Decision 6: O_DIRECT — Not in This Lab

We don't use O_DIRECT in Lab 01 because:

  1. It requires aligned buffers (typically 4 KiB), aligned offsets, and aligned I/O sizes.
  2. It bypasses the page cache, so you must implement your own — which is a buffer manager (Phase 3, db-11).
  3. It's not available on macOS — you'd use fcntl(fd, F_NOCACHE, 1) as the closest analogue, but it has weaker semantics.

We revisit O_DIRECT in db-21-storage-engine-advanced once we have a buffer manager worth talking about.

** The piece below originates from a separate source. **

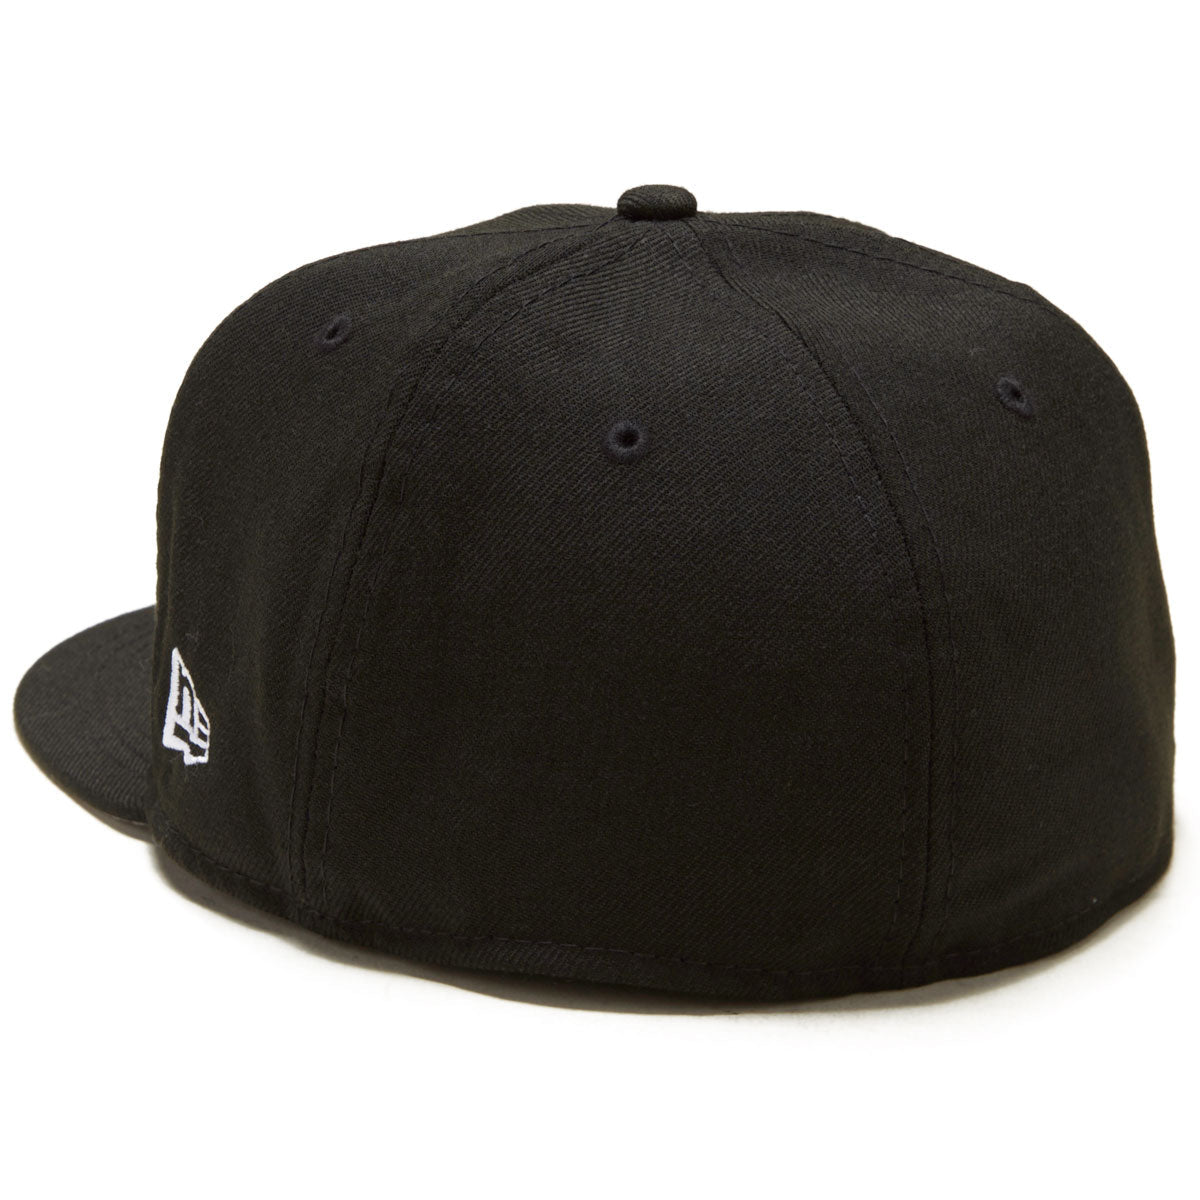 RDS New Era Dynasty Hat - Black/Red image 2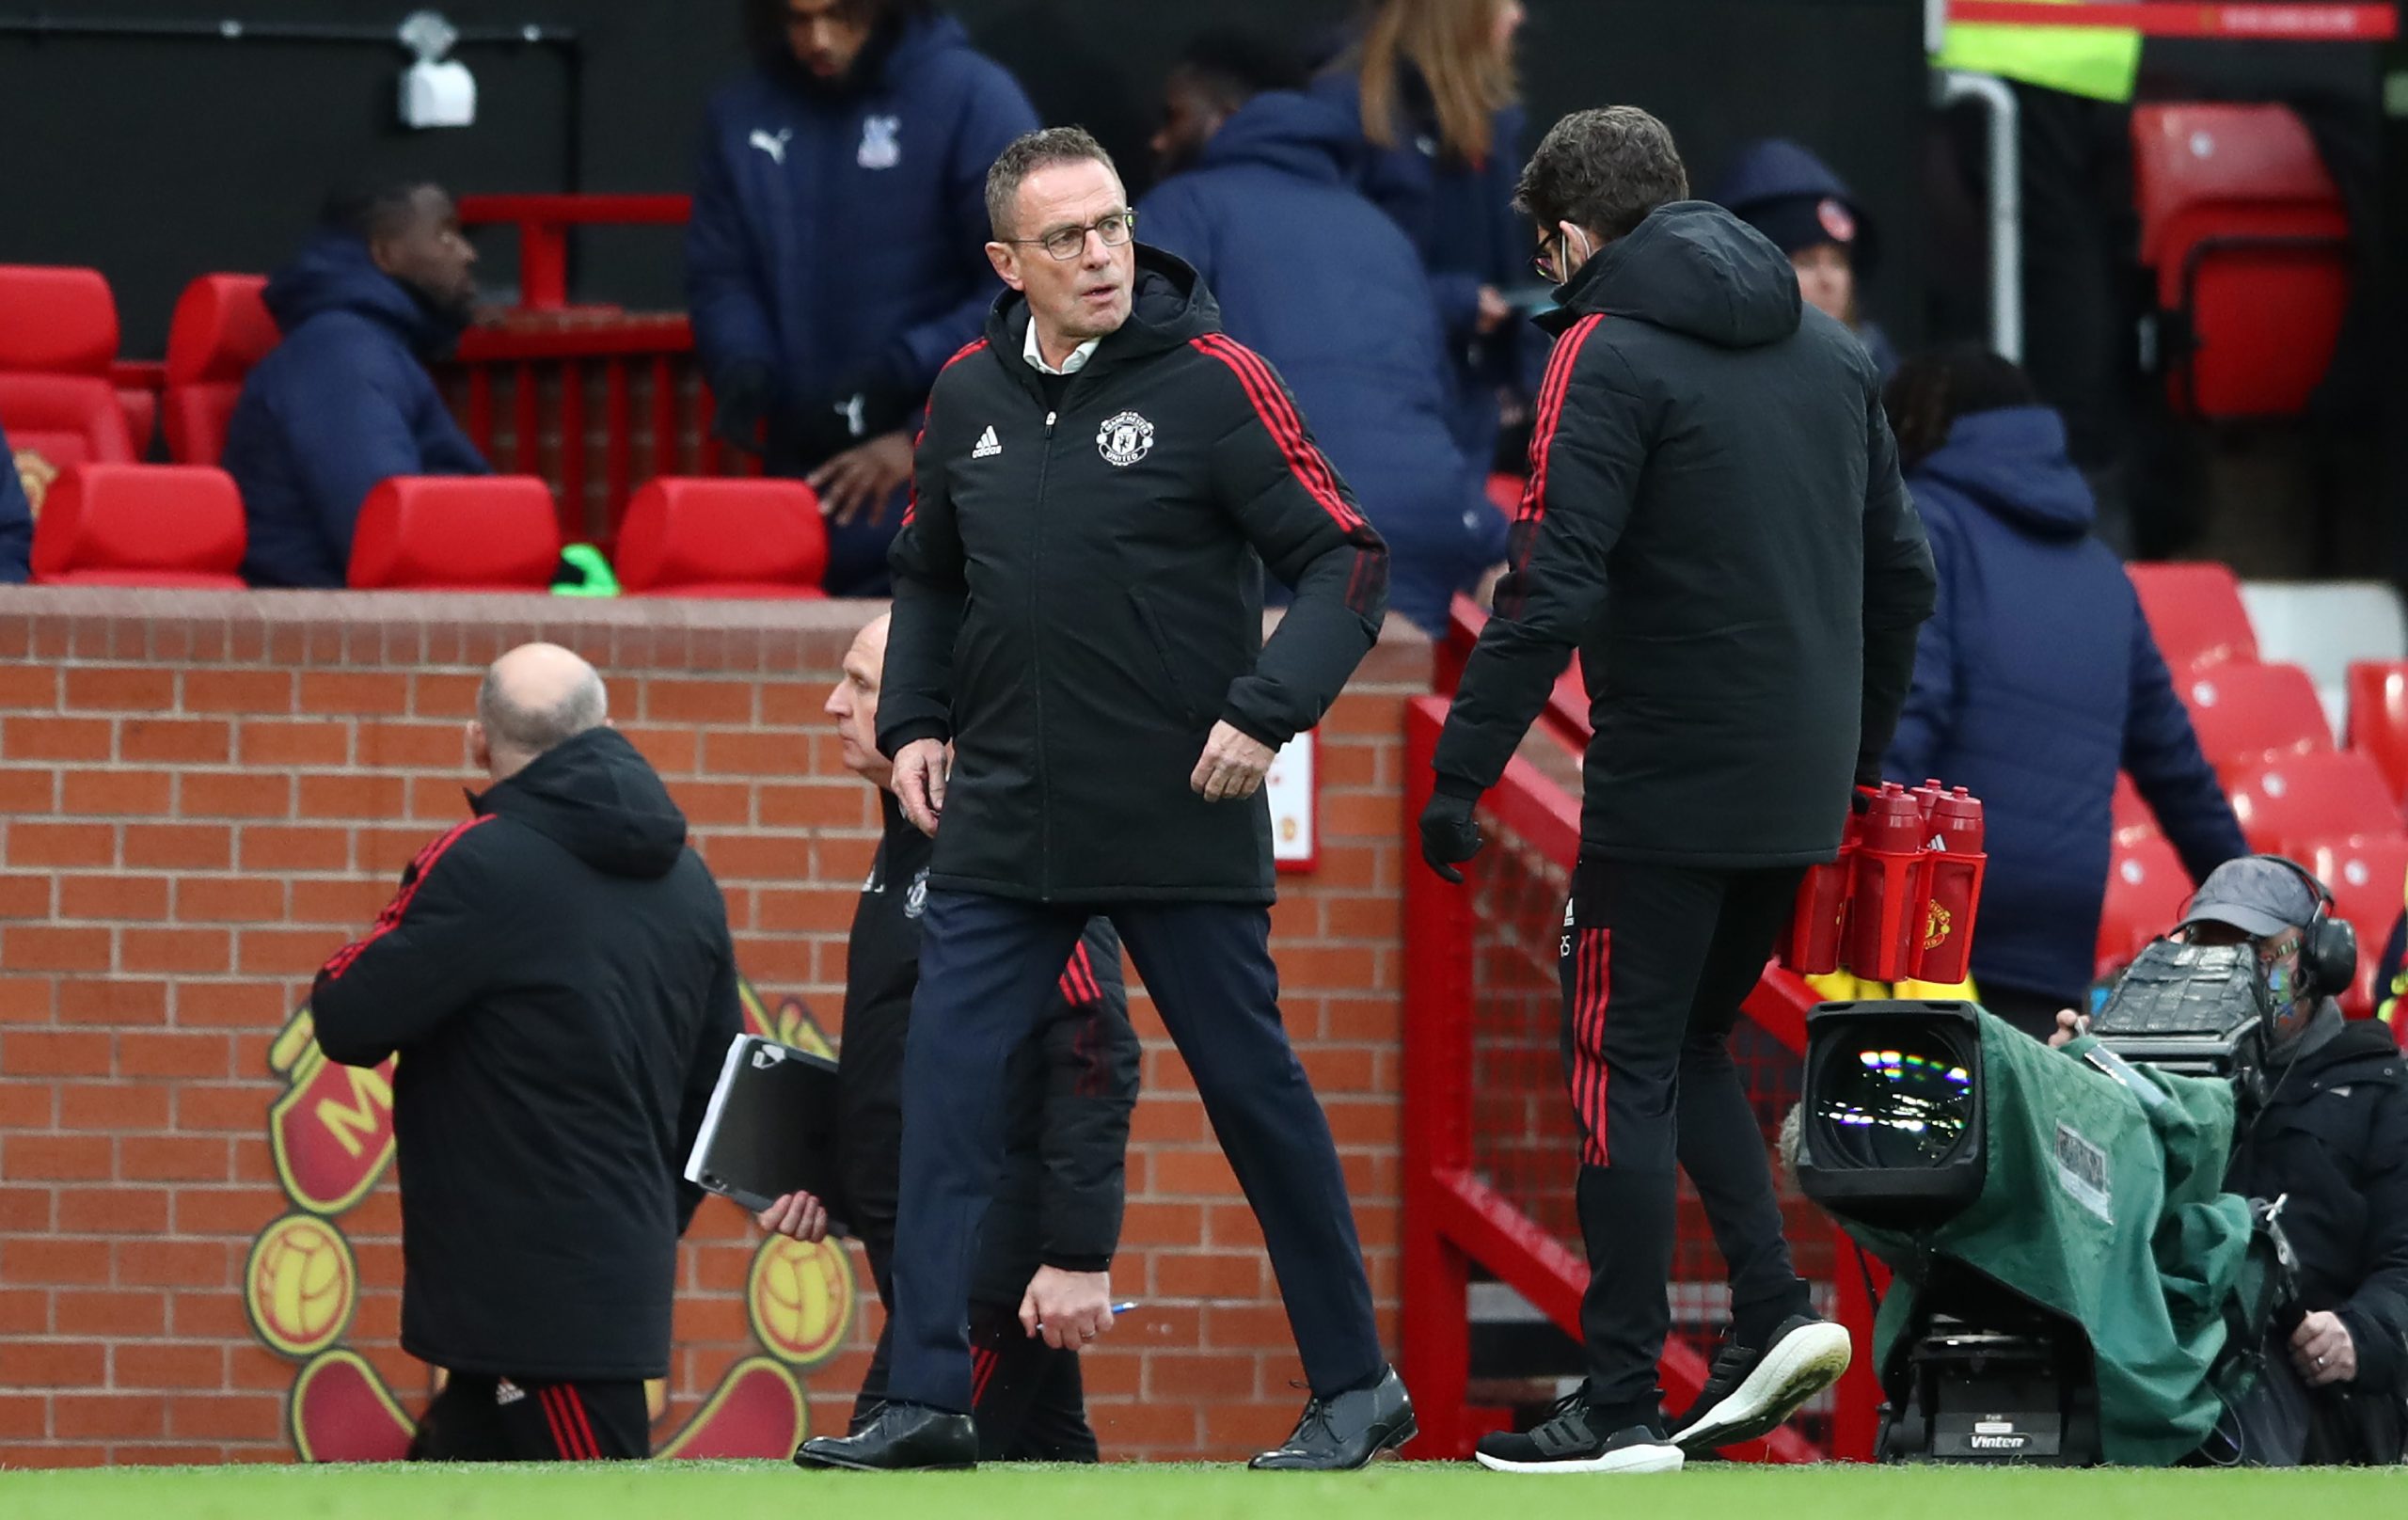 Trouble in paradise as Man United players turn on Rangnick following public dressing downs

Hardware Numbers Cheat-Sheet

Memorize these. They drive every storage design decision:

L1 cache hit            1   ns
Branch mispredict       3   ns
L2 cache hit           ~4   ns
L3 cache hit          ~15   ns
DRAM access          ~100   ns       — 100× L1
Context switch       ~1–5  µs
NVMe random read      ~50  µs        — 500× DRAM
NVMe sequential read  ~5   µs/4KB
SATA SSD random read ~100  µs
SATA SSD seq read    ~10   µs/4KB
HDD random read       ~5   ms        — 100,000× DRAM
HDD sequential read  ~30   µs/4KB    (~150 MB/s)
fsync on NVMe       ~50 µs–1 ms
fsync on HDD          ~10 ms
F_FULLFSYNC (macOS)   ~10–50 ms      — actually flushes drive cache
Network RTT same DC   ~500 µs
Network RTT same region ~1 ms
Network RTT cross-region ~50–150 ms  — drives Raft heartbeat tuning in db-17

Five-order-of-magnitude gaps are where the design changes. Between L1 and DRAM (100×), you can ignore it. Between DRAM and disk (1000×), you can't. Between disk and network cross-region (1000× again), distributed systems get hard.


What Breaks at Scale

  • Filesystem journal contention: fsync on ext4 serializes through the FS journal. Many concurrent fsyncs on the same FS don't scale linearly. Mitigation: one WAL file per database, dedicated FS for WAL.
  • Page cache thrashing: when working set > RAM, every pread is a miss. The kernel's LRU is generic; an app-aware cache (Phase 2's block cache, Phase 3's pager) does better.
  • fsync failure handling: on Linux, a failed fsync can mark dirty pages as clean — silently losing your data. This is the "fsyncgate" referenced in the references. Mitigation: panic on fsync error and crash-recover from the WAL (modern Postgres does this).
  • NVMe queue depth: NVMe shines with QD=32–128 in flight. A single-threaded pread loop runs at QD=1 and leaves most of the drive idle. io_uring (Phase 5) fixes this.